# Different platings on fingers



## jamthe3 (Feb 5, 2009)

Good evening all! I was wondering if there are other kinds of plated fingers other than gold. When removing some cards off of circuit boards I've noticed some of the fingers are not gold in color but rather shiny silver. I'm assuming they are plated w/ a different metal and figured someone else would probably already have the information as to what possible metals it might be.

Thanks in advance,
John


----------



## lazersteve (Feb 6, 2009)

John,

Typically, silver colored fingers are only solder coated copper traces.
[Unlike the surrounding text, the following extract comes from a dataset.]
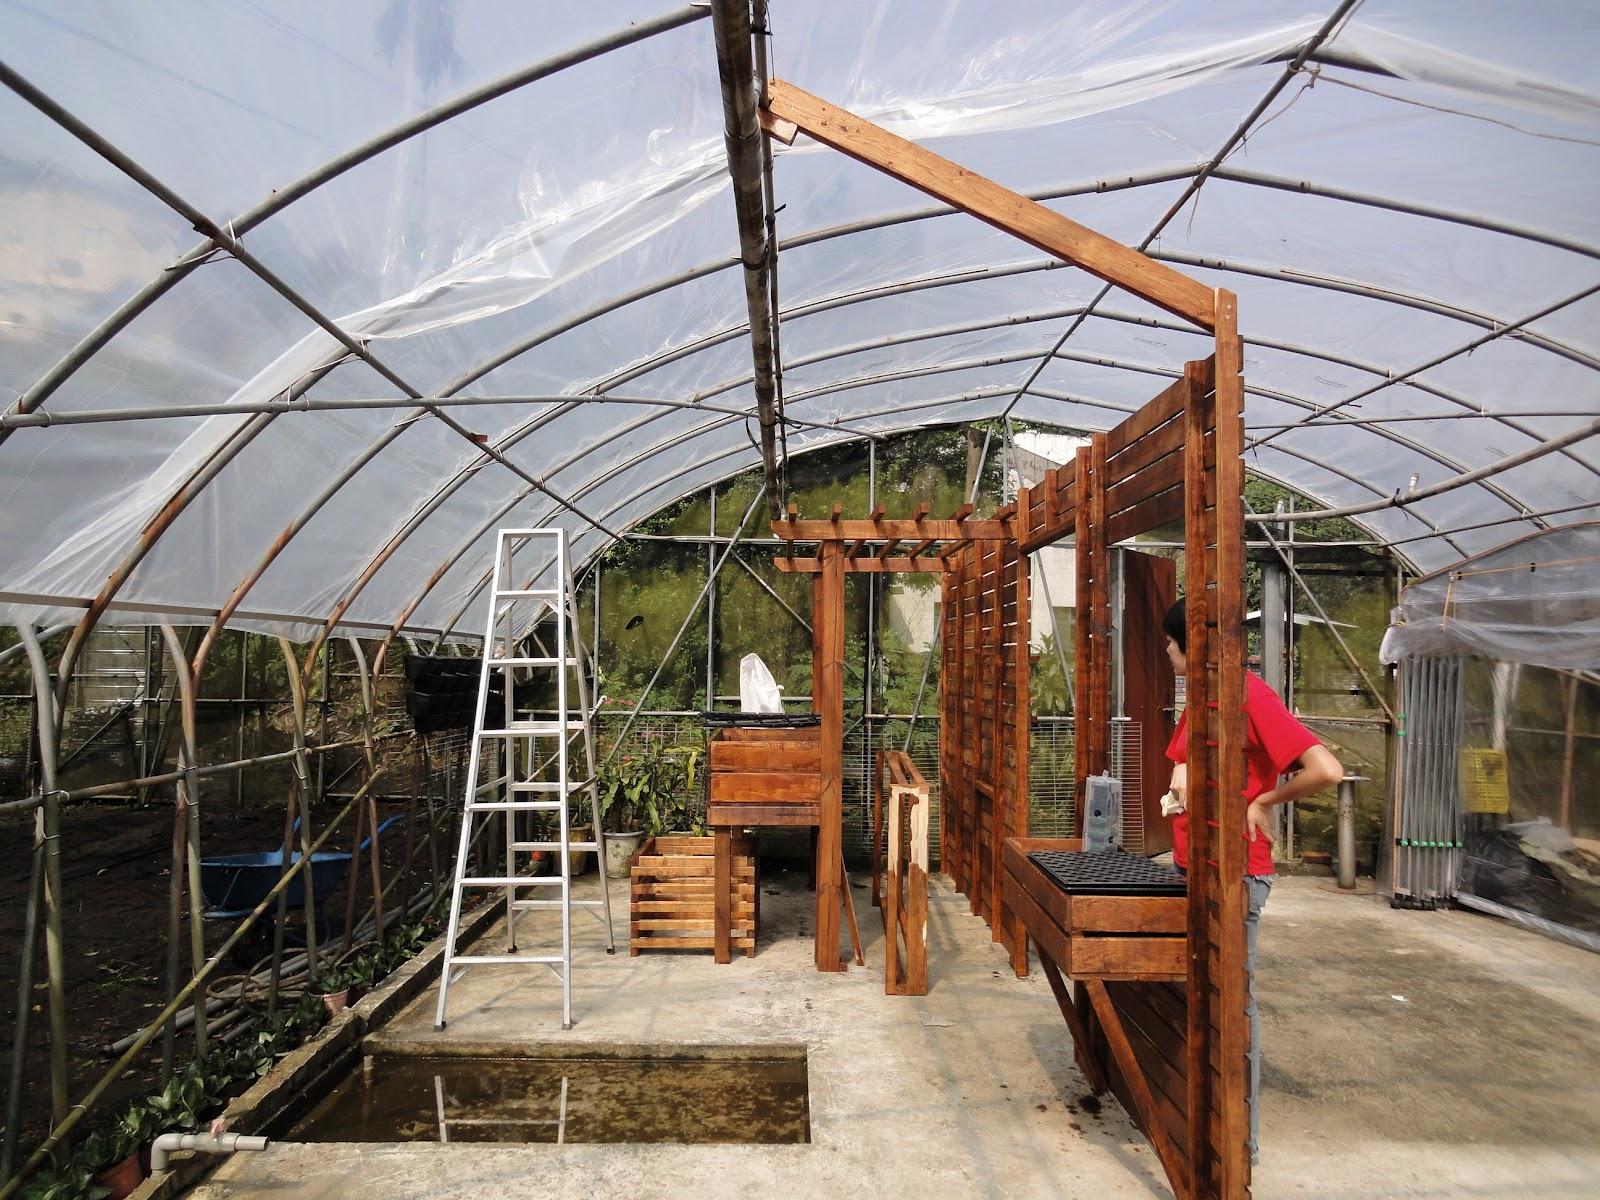 AVATA魚菜共生/Aquaponics Taiwan: 屈尺農場(三) My AP farm in Taiwan 3

Some of the PCI card slot fingers are very lightly gold plated and have a semi-silver appearance.

Steve


----------



## jamthe3 (Feb 6, 2009)

Thanks Steve. Am I correct in assuming (w/ the possible exception of the PCI ones) that these are better of economically to leave be?

John


----------



## slowerbear (Feb 10, 2009)

Actually, Hewlett Packard utillized a wide variety of plating materials for circuit boards and associated fingers. It was very common in the 50's and 60's to use both platinum and palladium in high performance oscilator circuits. By accident, I discovered the difference between silver and palladium plating in a large junk heap of discarded circuits. In essence, the dull/oxidized boards were plated with silver. The boards that remained bright and shiny were plated with palladium. Testing validated the hypothesis. These boards still show up occasionally in lot's of discarded HP test equipment. Trust me--Every milligram is recovered!


----------



## goldsilverpro (Feb 15, 2009)

In the 60s, Zerox used rhodium plated fingers on some boards.


----------



## Platdigger (Feb 15, 2009)

Not sure if it is true, but long ago I heard that some key boards made in the early 80s had some rhodium plating under the keys. (contacts)
Randy


----------



## Charlena (Feb 16, 2009)

Platdigger said:


> Not sure if it is true, but long ago I heard that some key boards made in the early 80s had some rhodium plating under the keys. (contacts)
> Randy



That's why they were selling for 500 bucks all beaten up broken on ebay and 1000 if they were like new!
Wow Ive been looking for the reason that phenomenon had taken place on the market! 
Old IMB Cl-icky keyboards...wow


----------



## SilverFox (Feb 16, 2009)

.....

At one point my dive shop had like 7 of those, to think the worthless 80/86 generation keyboard was nothing but a rhodium mine. At the time, it was just worthless junk to me.


----------



## steveonmars (Apr 17, 2009)

Does anyone have a photo or link to see what these keyboards looks like?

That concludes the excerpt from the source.